Когда мне послышалось, что режут Маню, я соскочил с печки и кинулся со сковородой на солдата. Но у меня опустились руки, а солдат меня схватил, привел в комнату. Пришел Сытин с лекарством. Мне показалось, что он хочет вырезывать у меня печень, и я приготовился с твердостью. Тут я слышал, что в комнату собралось много людей, которые выдумывали мне смерть различную, но пьянствовали и в выборе ее никак не могли прийти к соглашению. Начали они резаться, резался и я, но остался жив. Из всех гостей в живых осталось немного: Сытин, Масловы, из них Сытин остался цел; он убил 23 человека. Маслов до того живуч, что его изрезали на куски и затыкали кольями в землю, но он все-таки бегал за женой. Когда пришла очередь до меня, никто не решился меня убить, все заплакали, а Маслова призналась в любви и изрезала самое себя. Вдруг является жена моя, обвиняет {<В рукописи -- "объявляет".>} меня в разврате, краже у Федора Семеновича 6700 руб., убивает детей, но они каким-то чудом живут,-- и требует от окружающих меня поляков за стеной, где были сделаны спальни, как в вагонах, изрубить меня и изжарить. Я кое-как уговариваю ее отсрочить наказание до утра, она меня высвобождает, гости ее приглашают,-- эти гости какие-то республиканцы, проповедывающие свободу и ужасно самоуправничающие, хуже разбойников. Гости спрашивают, кто я; она говорит, что я служил в канцелярии генерал-губернатора, потом -- что я был судебным приставом, и дело оканчивается тем, что всех нас с домом хочут сжечь, но я начинаю плакать, все прощают. У нас останавливаются какие-то чучелы, едящие гадость. Я сперва пою, лаю, мяукаю, потом вижу, что жена стала последнею женщиной. Потом я как бы ехал по железной дороге, взял подряд и от неосторожности спалил все станции и города по железной дороге. Этим обстоятельством я бредил два дня, в которые мне было <страшно?> Сытина, который бежал из арестантской роты.
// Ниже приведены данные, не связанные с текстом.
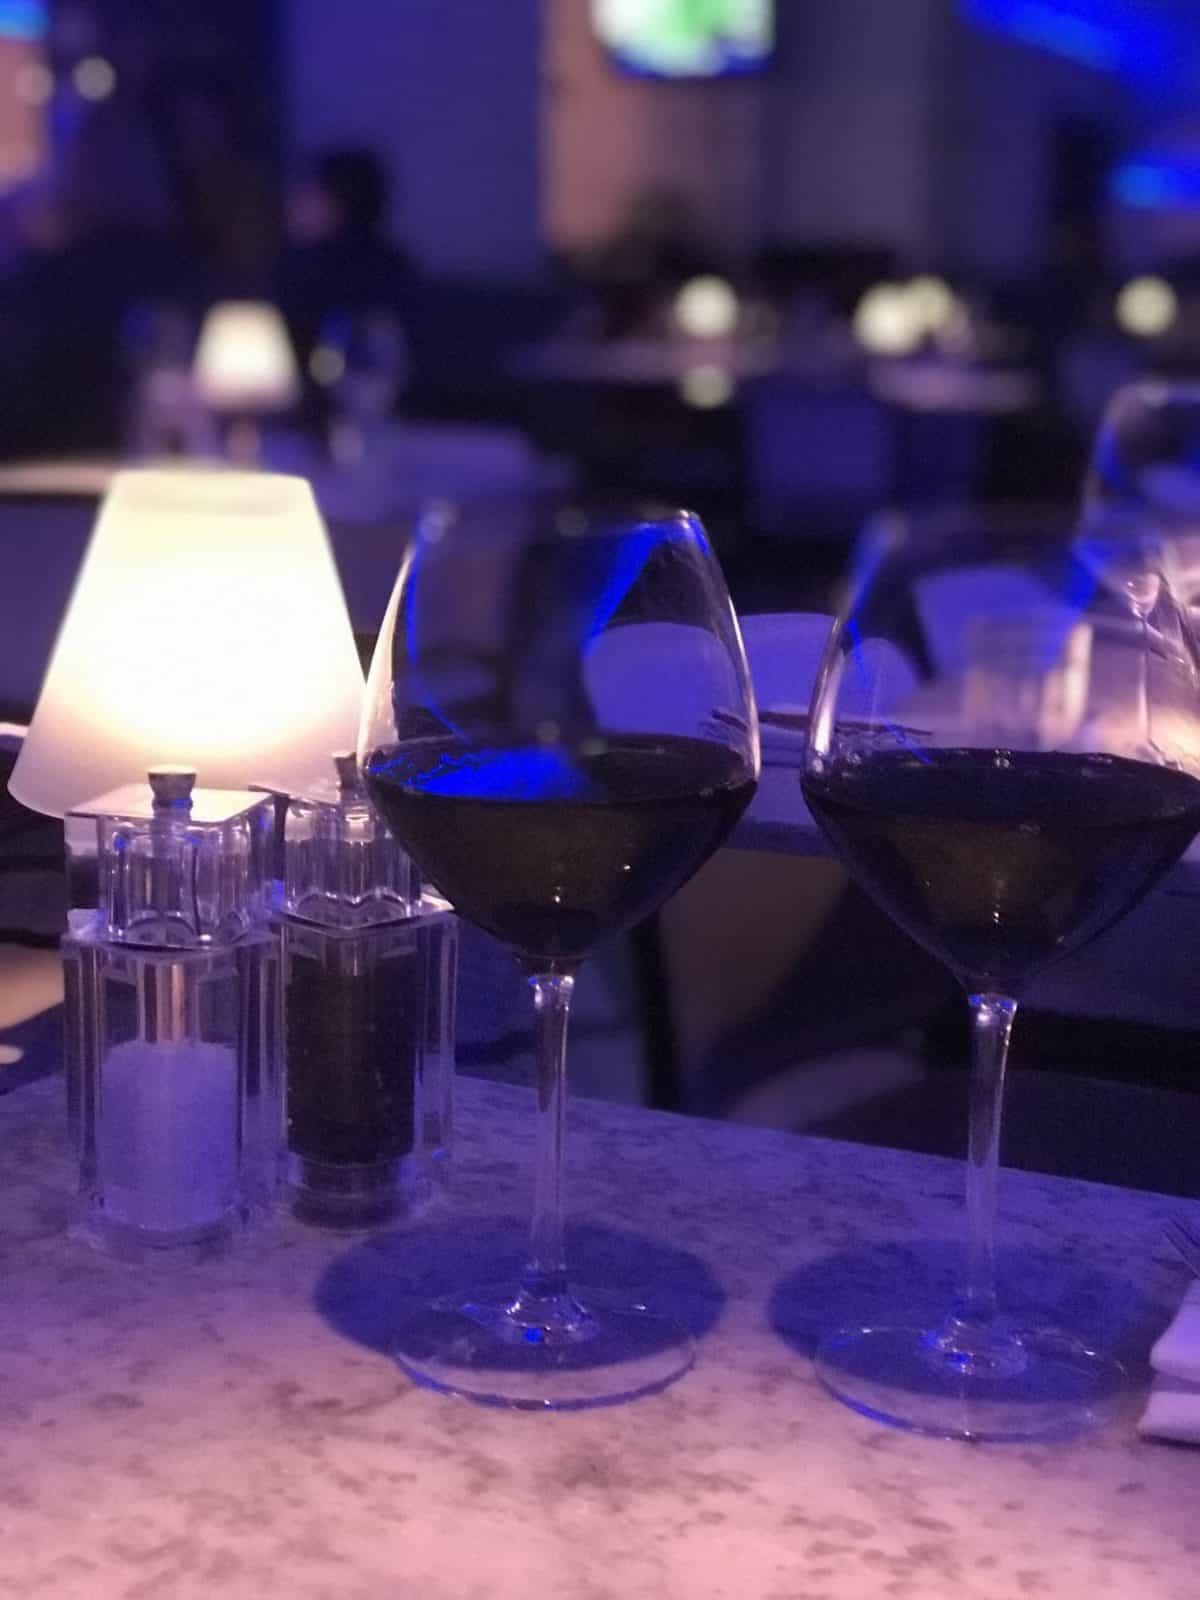 Alston bar and beef Glasgow wine

Потом в саду гарцовали поляки, вызывали меня туда, но меня не выпускал солдат ни на шаг от себя. {<В рукописи -- "от меня".>} Наконец мне комендант объявляет решение по разным делам -- на два года в Сибирь, в арестантские роты, но прощает. По поводу этого освобождения я угощаю коменданта молоком. Поляки мне поют песни, являются славяне, но меня солдат не пускает; славяне играют музыку около беседки -- и вдруг в доме пожар. Я вытаскиваю из спальной вещи, меня уводят с собой Сытин и Маслов. Я с ними шел до Волынского форта, и мне все слышалось, что жена моя сгорела, сгорели дети, я это читал на каменьях; за меня задевали телеграфные проволоки. Вечером Соборов сделал мне вспрыскивание. Я боролся с какой-то женщиной из-за того, что загорелся керосин. Дом шатается. Кончилось тем, что я сгорел.
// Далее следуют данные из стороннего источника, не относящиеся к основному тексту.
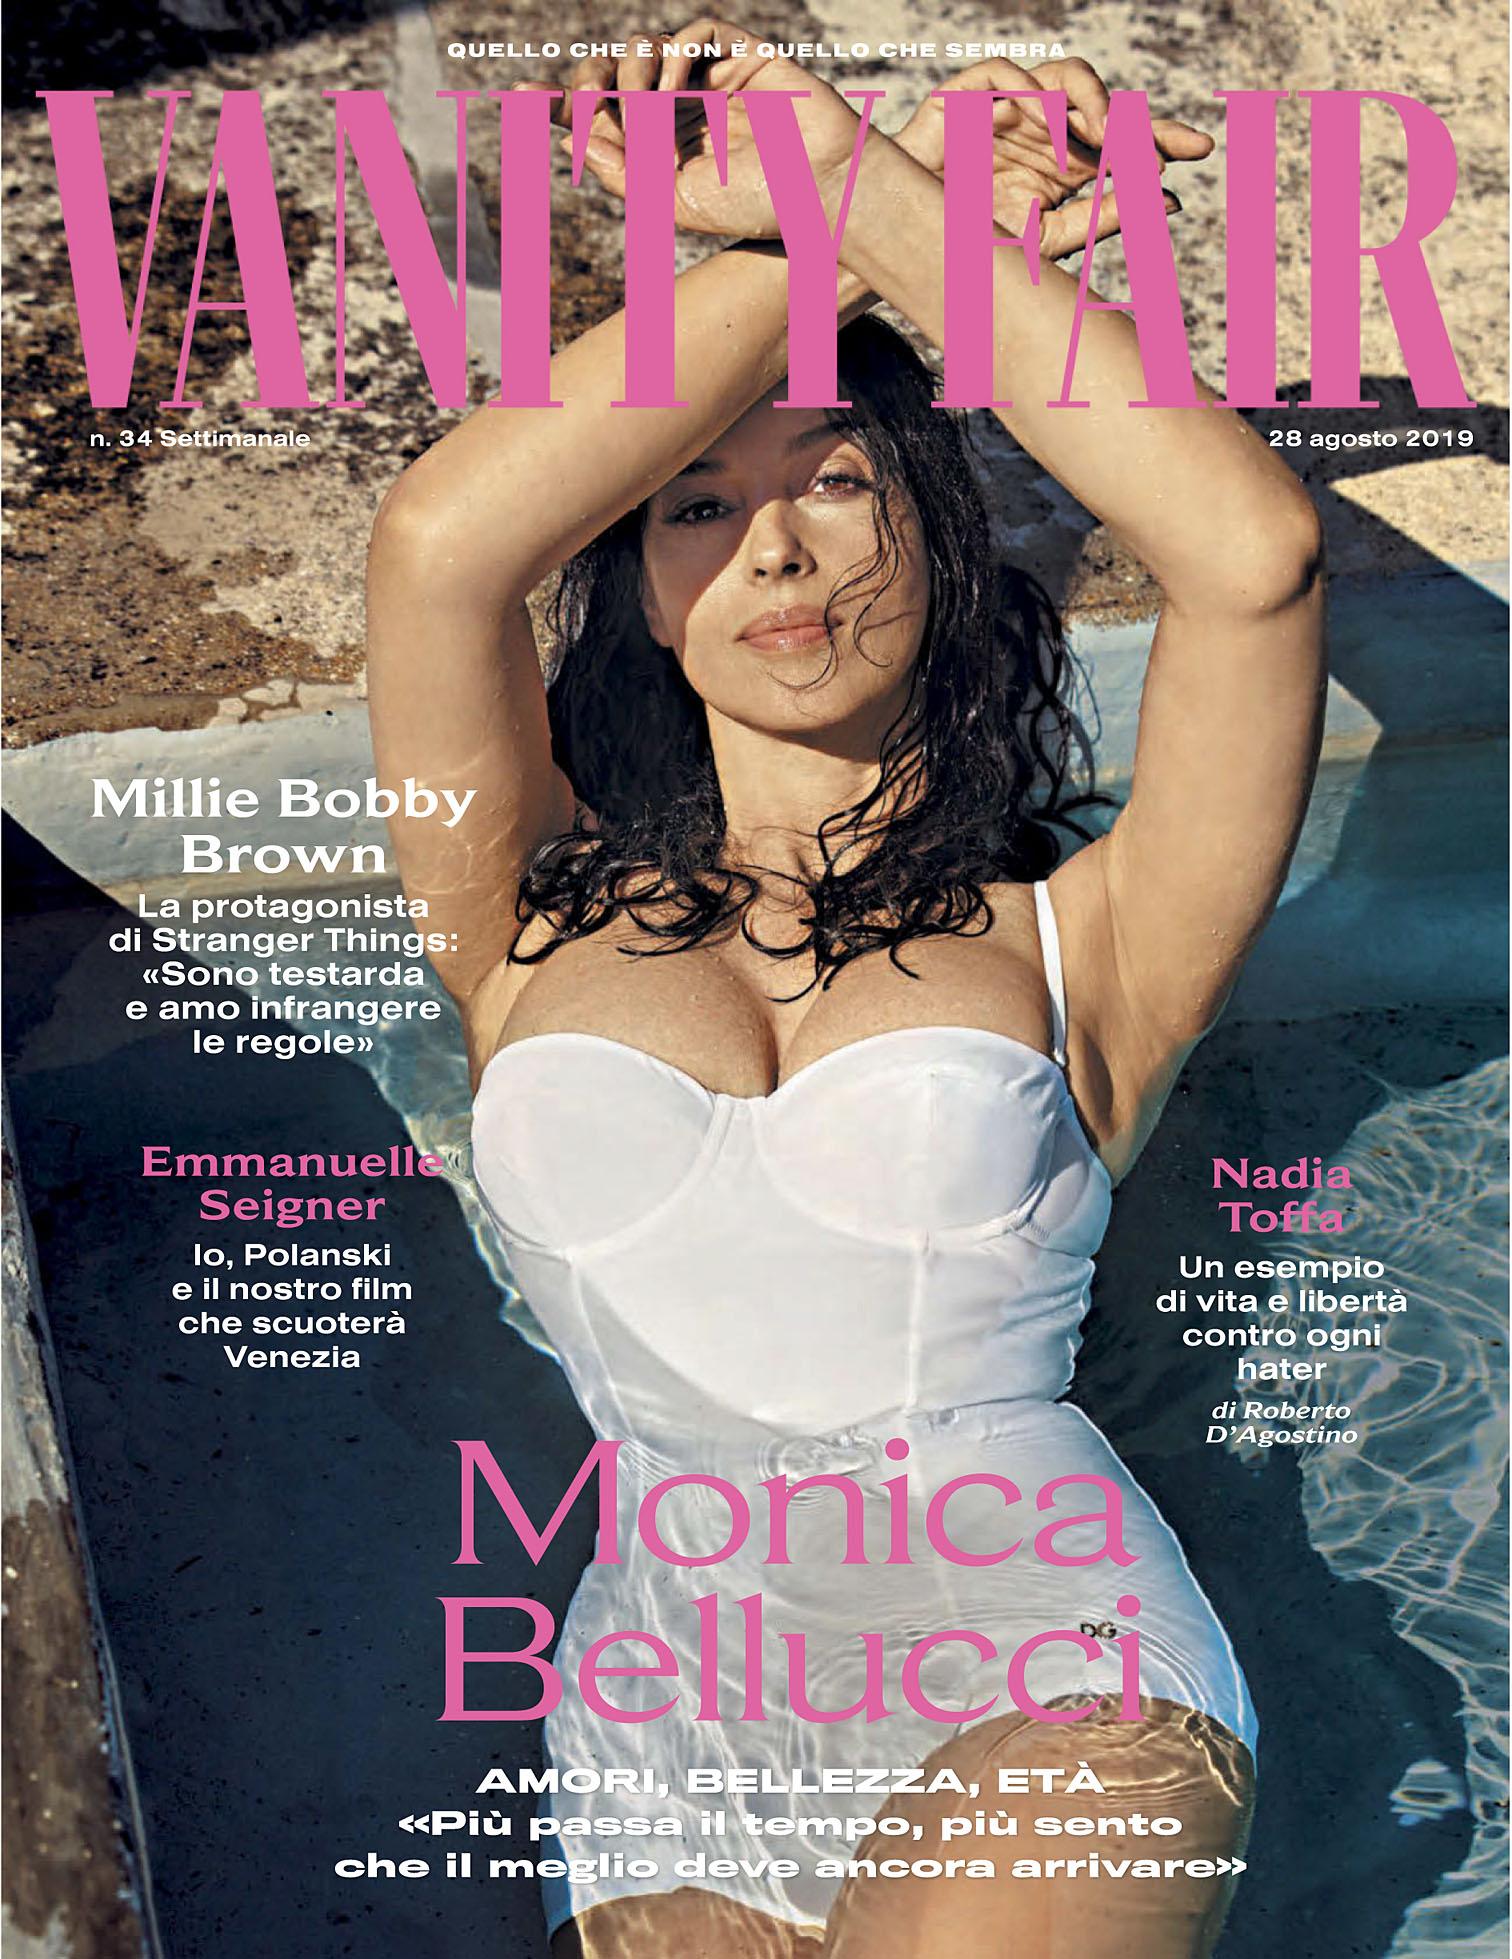 Vanity Fair Italia 2019-08-28 MBellucci1.jpg

Утром начинало являться сознание. Первым делом моим было припомнить вчерашнее обстоятельство. Я ужасно боялся, что Сытин из арестантских рот был со мной, и мне послышалось, что за женою приходили из ордонанс-гауза. Я спросил М. А., где жена. Она сказала, что ее нет. Я вошел в комнату и вижу, что она цела. Тут у меня явилось сомнение, каким образом она цела, когда я сгорел с Сытиным. А М. А. убежала. Все цело, нетронуто. Посмотрел я, в бумажнике денег нет, а еще вчера я давал солдату 50 коп. и даже 1 руб. за то, чтобы он меня выпустил, и так как он требовал их сейчас, то я и показывал ему новую пятирублевую бумажку. Потом посмотрел, но солдата нету, хватился часов и оказалось, что их увезла жена. Пришел солдат, и я спросил его, правда ли, что вчера был пожар. Он рассмеялся.-- "А жена моя?" -- "Она еще не приезжала из Петербурга".-- "Которое сегодня число?" -- "19-е, завтра Ильин день".-- А я 17 или 16 послал жене письмо. Стало быть в это время я не мог быть в Царском. Стало быть все это мне представилось?
Итак, болезнь кончилась, но у меня украли кольцо, стоящее 11 руб., и деньги -- 5 руб.
Через день я получил от жены письмо, что в Петербурге доктора нашли ее болезнь простудною и прописали ей лекарство от простуды. Сифилиса же у нее не было и нет.
Я не пил до 31 июля, когда по приезде жена давала обед и вечер.